After publishing his “Blueprint” in The Ecologist magazine, Teddy Goldsmith had founded an organization called Movement for Survival. He merged it with the fledgling party in 1974. The “Blueprint” became their “Manifesto for Survival.” The party invited Goldsmith to stand for the Eye parliamentary constituency in Suffolk as their candidate in the February 1974 general election. His campaign focused on the threat of desertification from the intensive farming practiced in the area … which he emphasized with the help of a Bactrian camel! He campaigned all around the constituency accompanied by the camel and supporters dressed in the garb of Arab sheiks, the implication being that if modern oil-intensive farming practices were allowed to continue, the camel would be the only viable means of transport left in Suffolk. His unorthodox campaign succeeded in attracting the media’s attention and highlighted the issues. He again ran for office for the now-renamed Ecology Party in the European Parliament elections of 1979.

Acceptance speech upon receiving the Right Livelihood Award

Edward Goldsmith, 1991

 

The Right Livelihood Award is an international award to “honor and support those offering practical and exemplary answers to the most urgent challenges facing us today.” The prize was established in 1980 by European philanthropist Jakob von Uexkull, and is presented annually in early December. An international jury decides the awards in such fields as environmental protection, human rights, sustainable development, health, education, and peace.

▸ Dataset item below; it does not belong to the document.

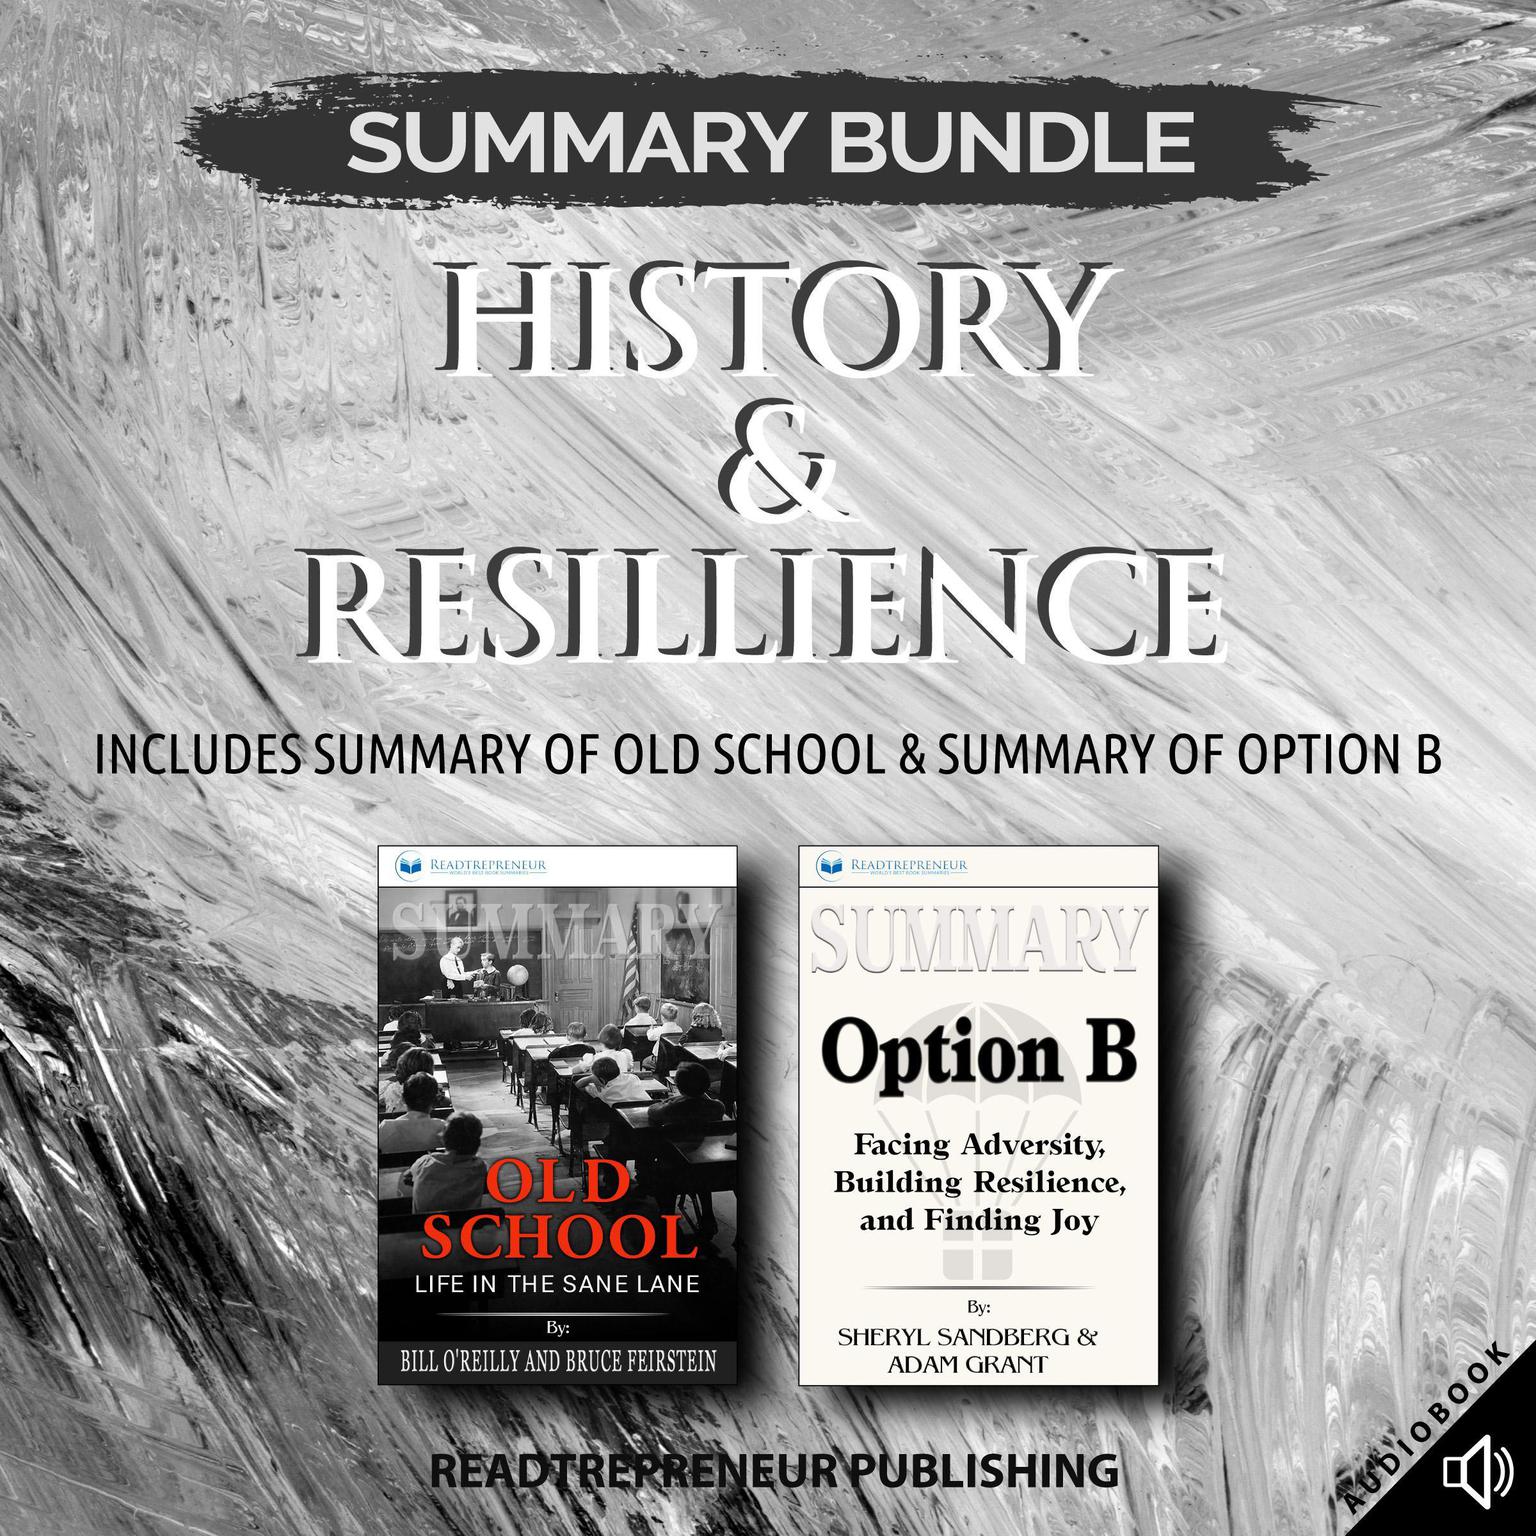 Summary Bundle: History & Resillience | Readtrepreneur Publishing: Includes Summary of Old School & Summary of Option B: Includes Summary of Old School & Summary of Option B Audiobook, by Readtrepreneur Publishing
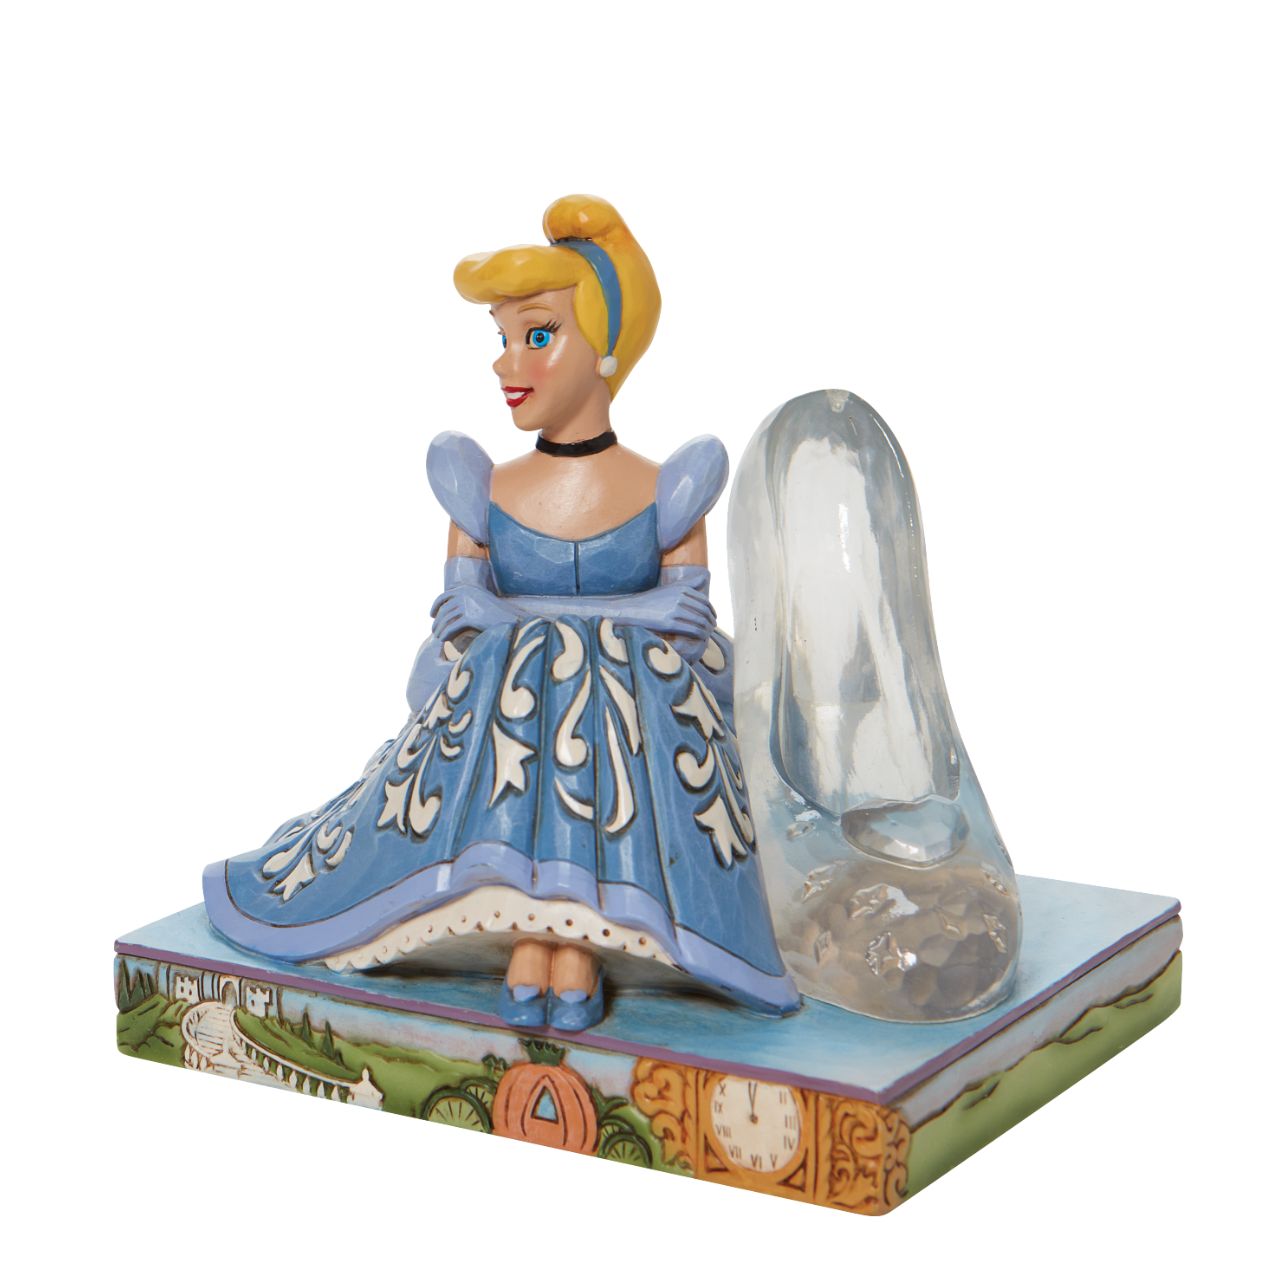 Jim Shore Disney Cinderella Glass Slipper Figurine  This Disney Traditions line by Jim Shore features iconic Walt Disney princesses with their famous props highlighted. With a base illustrating her story, this piece features Cinderella in her brilliant blue gown with a glass slipper.

Some 25 years ago [1966] it dawned upon me that the industrial society in which we live and that we take to be normal, desirable and permanent, is in fact aberrant and destructive, and that rather than further increase our dependence upon it, we should, on the contrary, reduce such dependence and set out systematically to phase it out. It was to argue the case for such a policy that in 1969, I, together with a few like-minded colleagues, set up The Ecologist and that we wrote, two years later, our “Blueprint for Survival” which obtained a lot of publicity and helped trigger off what is now the Green Party in the UK.

If industrial society is destructive rather than beneficial, that’s because it is geared to continuous expansion, i.e. to economic development which involves systematically substituting for the biosphere, or the world of living things—the fundamental real world—a totally different organization of matter which we might refer to as the technosphere: the world of human artifacts, or “the surrogate world.” As the technosphere expands so must the biosphere contract and what remains of it become correspondingly degraded. Economic growth is thus biospheric contraction; the two processes are but different sides of the same coin. The trouble is that we did not evolve as part of the technosphere; its proudest creations, such as the motor-car, the television set, the airplane, and the computer may be nice to have, but we can live without them, and indeed have done so for 99% of our tenancy of this planet; but we cannot live without the products of the biosphere—fertile soil, abundant clean water, a favorable and stable climate, etc.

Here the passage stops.